A light response curve measured at mid-leaf (Fig. 1e) indicated that A was light saturated at light intensities of c. 1100 µmol m−2 s−1. Hence, A increased, together with I, from 15 ± 0.8 µmol m−2 s−1 (mean ± standard error; n = 3) at the leaf base to 20 ± 3 µmol m−2 s−1 at mid-leaf (Fig. 1b). A was relatively constant, however, from mid-leaf to the tip (19 ± 0.8 µmol m−2 s−1; n = 12), in spite of the decrease in I. Stomatal conductance (gs) increased along the leaf from 0.11 ± 0.02 mol m−2 s−1 (n = 3) at the leaf base to 0.21 ± 0.01 mol m−2 s−1 (n = 3) at the tip, with a small decrease at mid-leaf (Fig. 1d). Although modest, variations in gs were consistent with changes in A from the leaf base to mid-leaf, resulting in relatively constant values of ci (81 ± 8 µl l−1; n = 12). This was followed by an increase in ci values from mid-leaf to 184 ± 9 µl l−1 (n = 3) at the tip (Fig. 1c), which was correlated with the increase in gs but relatively constant A. As the ambient CO2 concentration (ca, recorded before each gas exchange measurement) did not vary much, the ratio ci/ca varied in a similar manner to the variations in ci from the leaf base to mid-leaf (0.23 ± 0.04; n = 12) and to the tip (0.53 ± 0.03; n = 3).

The ratio ci/ca also influences the δ13C of leaf organic matter (δ13Corg) which on average decreased from −12.8 ± 0.1‰ (n = 4) at the base to −13.2 ± 0.1‰ (n = 4) at the tip of the leaves (Fig. 2b). However, in the first half of the leaf, from base to mid-leaf, this 13C depletion was mainly a consequence of the first segment being relatively enriched (−12.8 ± 0.1‰; n = 4), whereas segments 2–4 did not greatly change (−12.9 ± 0.06‰; n = 12). Overall, therefore, high ci values were correlated with more depleted δ13Corg in leaf organic matter. Note, however, that the correlation between ci and δ13Corg may be fortuitous as these parameters represent different time scales and likely also spatial scales, as most organic matter is produced at the leaf base during leaf development.

Figure 2.

Isotopic composition along corn (Zea mays) leaves: (a) the oxygen isotope composition of leaf water (δ18Ow); (b) the oxygen (δ18Oorg; closed circles) and carbon (δ13Corg; open circles) isotope composition of leaf organic matter. The equation denotes the curve fit for δ18O only. Values are mean ± standard error for four leaves. Leaf segments (10 cm each) are labeled from the base (lowest number) to the tip of the leaf.

The oxygen isotopic composition of leaf water (δ18Ow) showed pronounced enrichment along the leaf, from 7.2 ± 0.7‰ (n = 4) at the base to 21.2 ± 0.6‰ (n = 4) at the tip (Fig. 2a).

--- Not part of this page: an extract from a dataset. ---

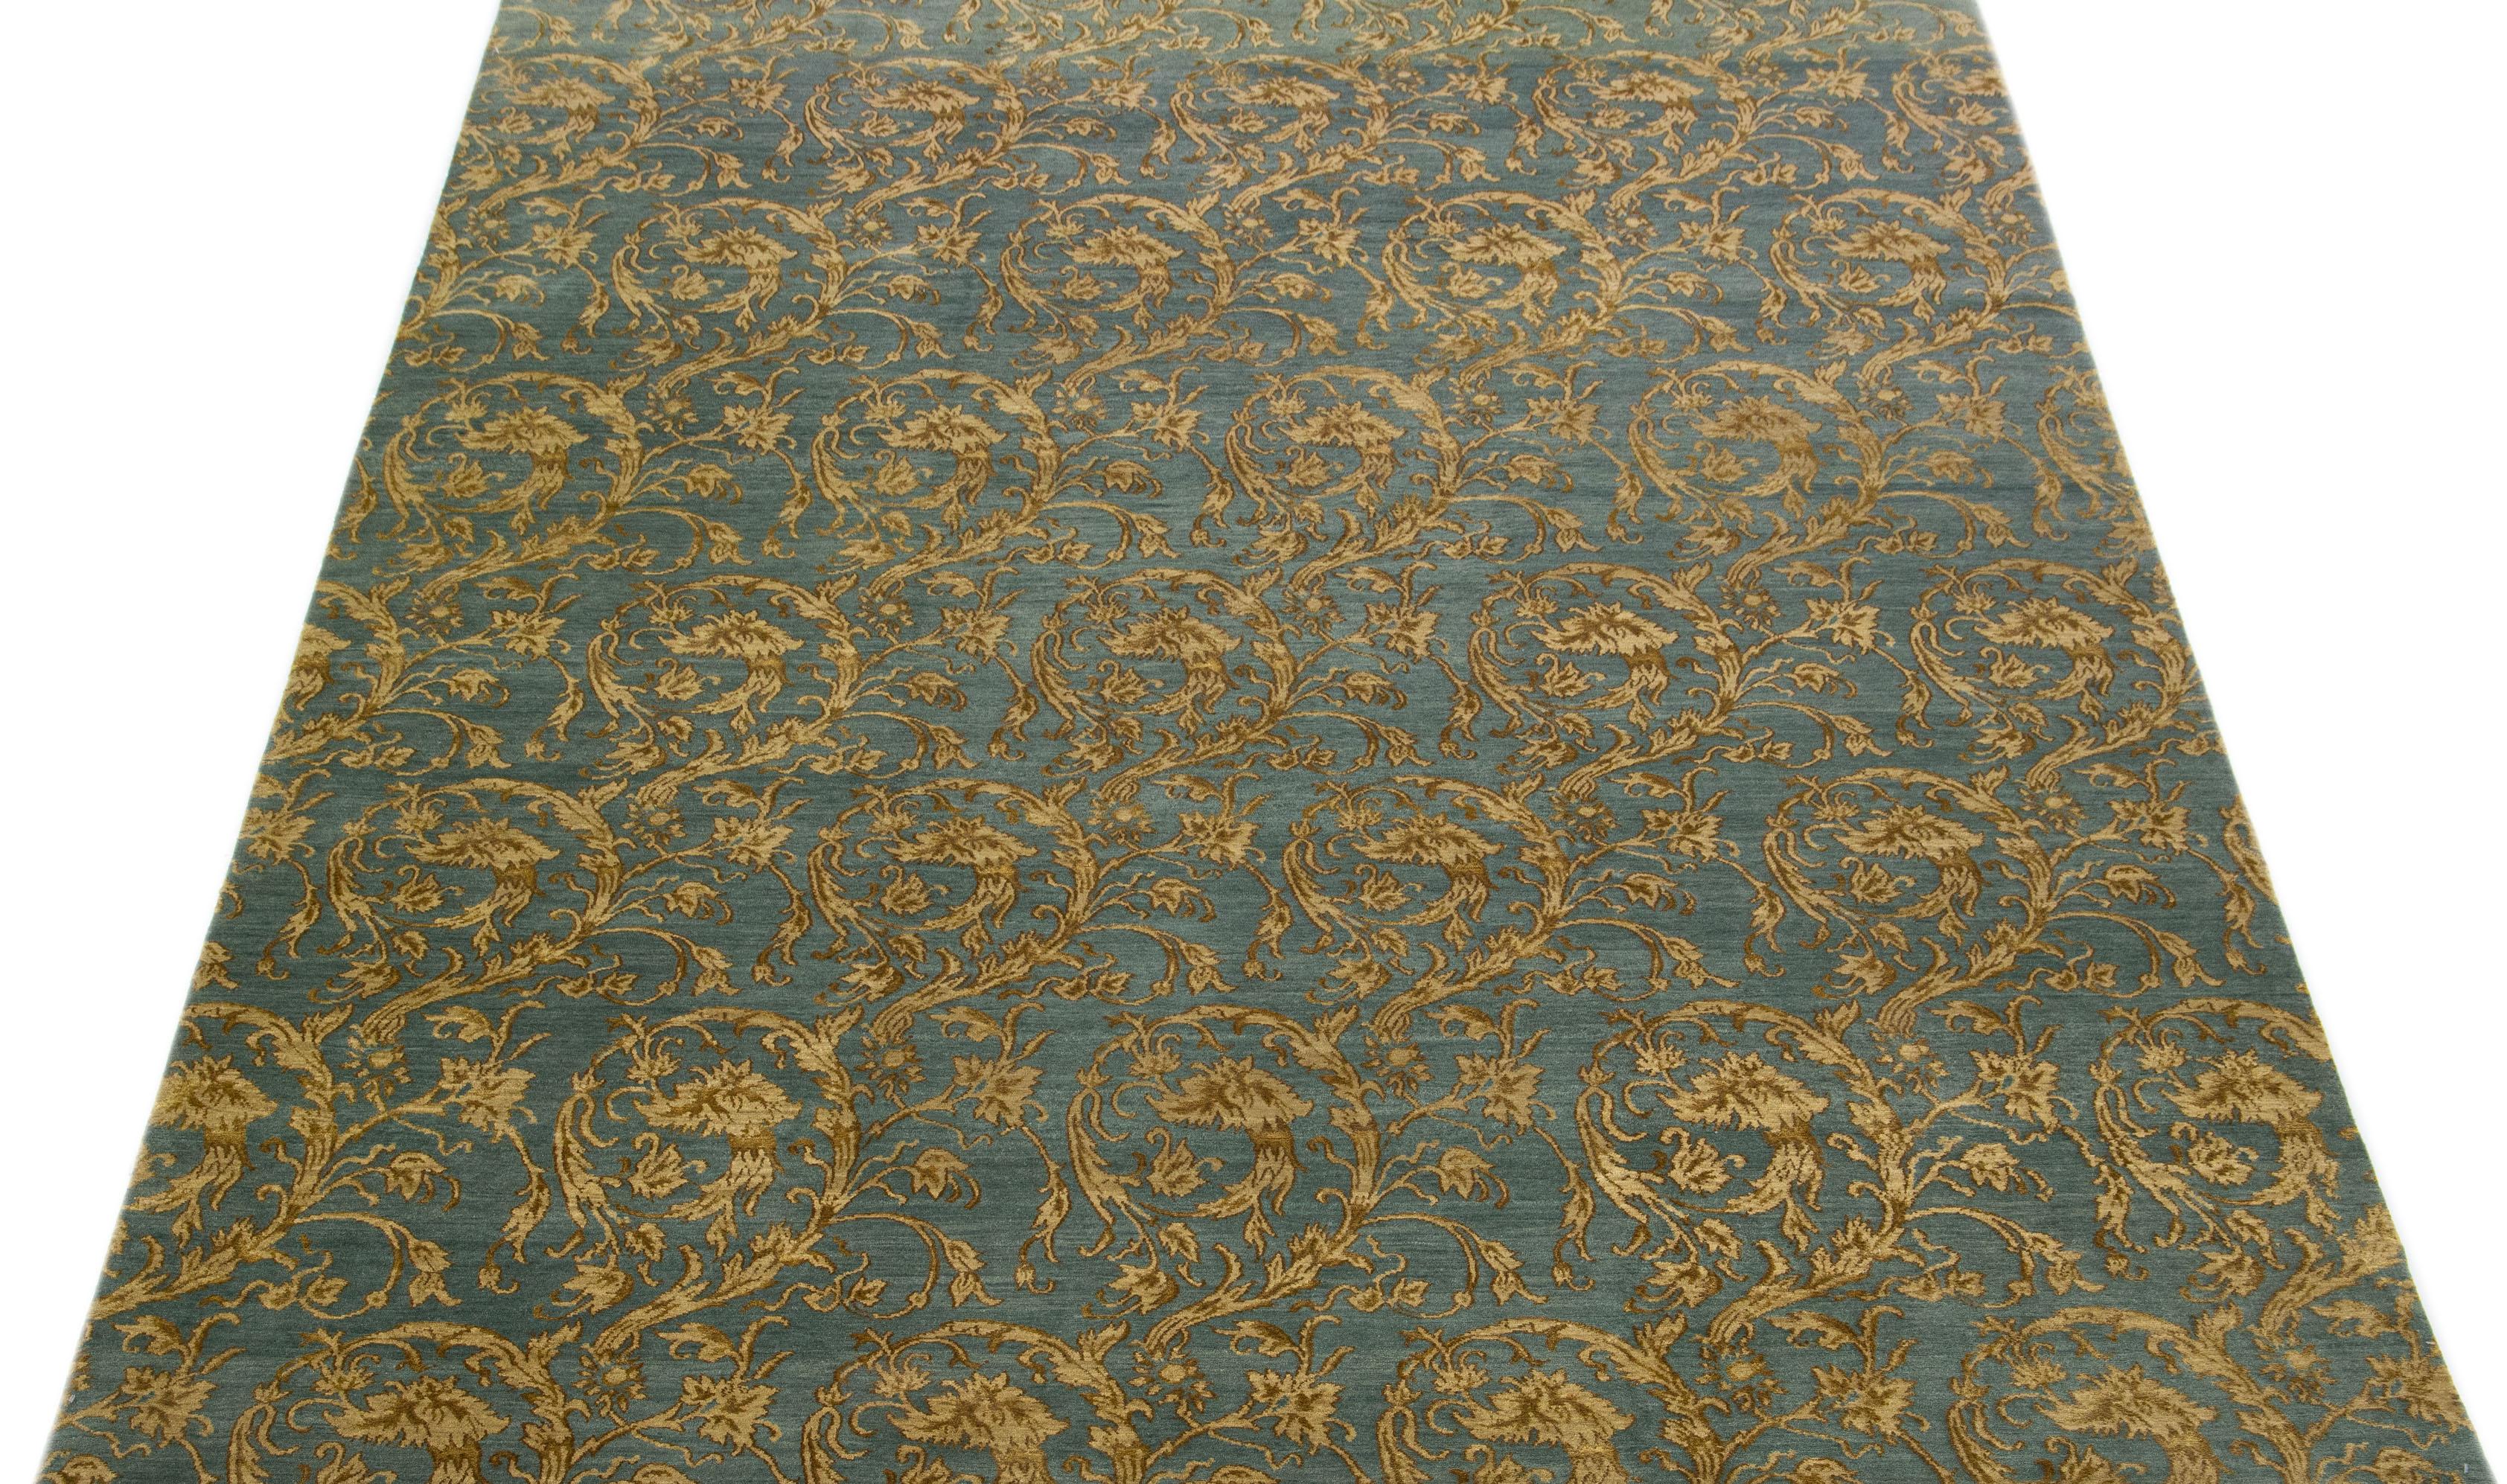 Beautiful modern Tibetan hand knotted wool and silk rug with a blue color field. This Tibetan rug has golden accents in a gorgeously damask pattern design.

This rug measures 8'8

Stem water in these plants was −1.9 ± 0.1‰. A similar trend of enrichment along the leaf, although less pronounced, was observed in the oxygen isotopic composition of leaf organic matter (δ18Oorg; Fig. 2b). δ18Oorg values increased from 25.7 ± 0.7‰ (n = 3) at the leaf base to 30.1 ± 0.4‰ at the tip. This resulted in a good correlation between δ18Ow and δ18Oorg, with a best-fit line of δ18Oorg = 23.96 + 0.27δ18Ow (R2 = 0.92), indicating an enrichment trend along the leaf that was only c. 30% of that in δ18Ow. Note that, as for 13C discussed above, the isotopic signals in water and organic matter represent different temporal and possibly also spatial scales. During cellulose synthesis in the leaf base, extensive exchange with stem water can occur (Farquhar et al., 1998; Yakir, 1998; Roden et al., 2000).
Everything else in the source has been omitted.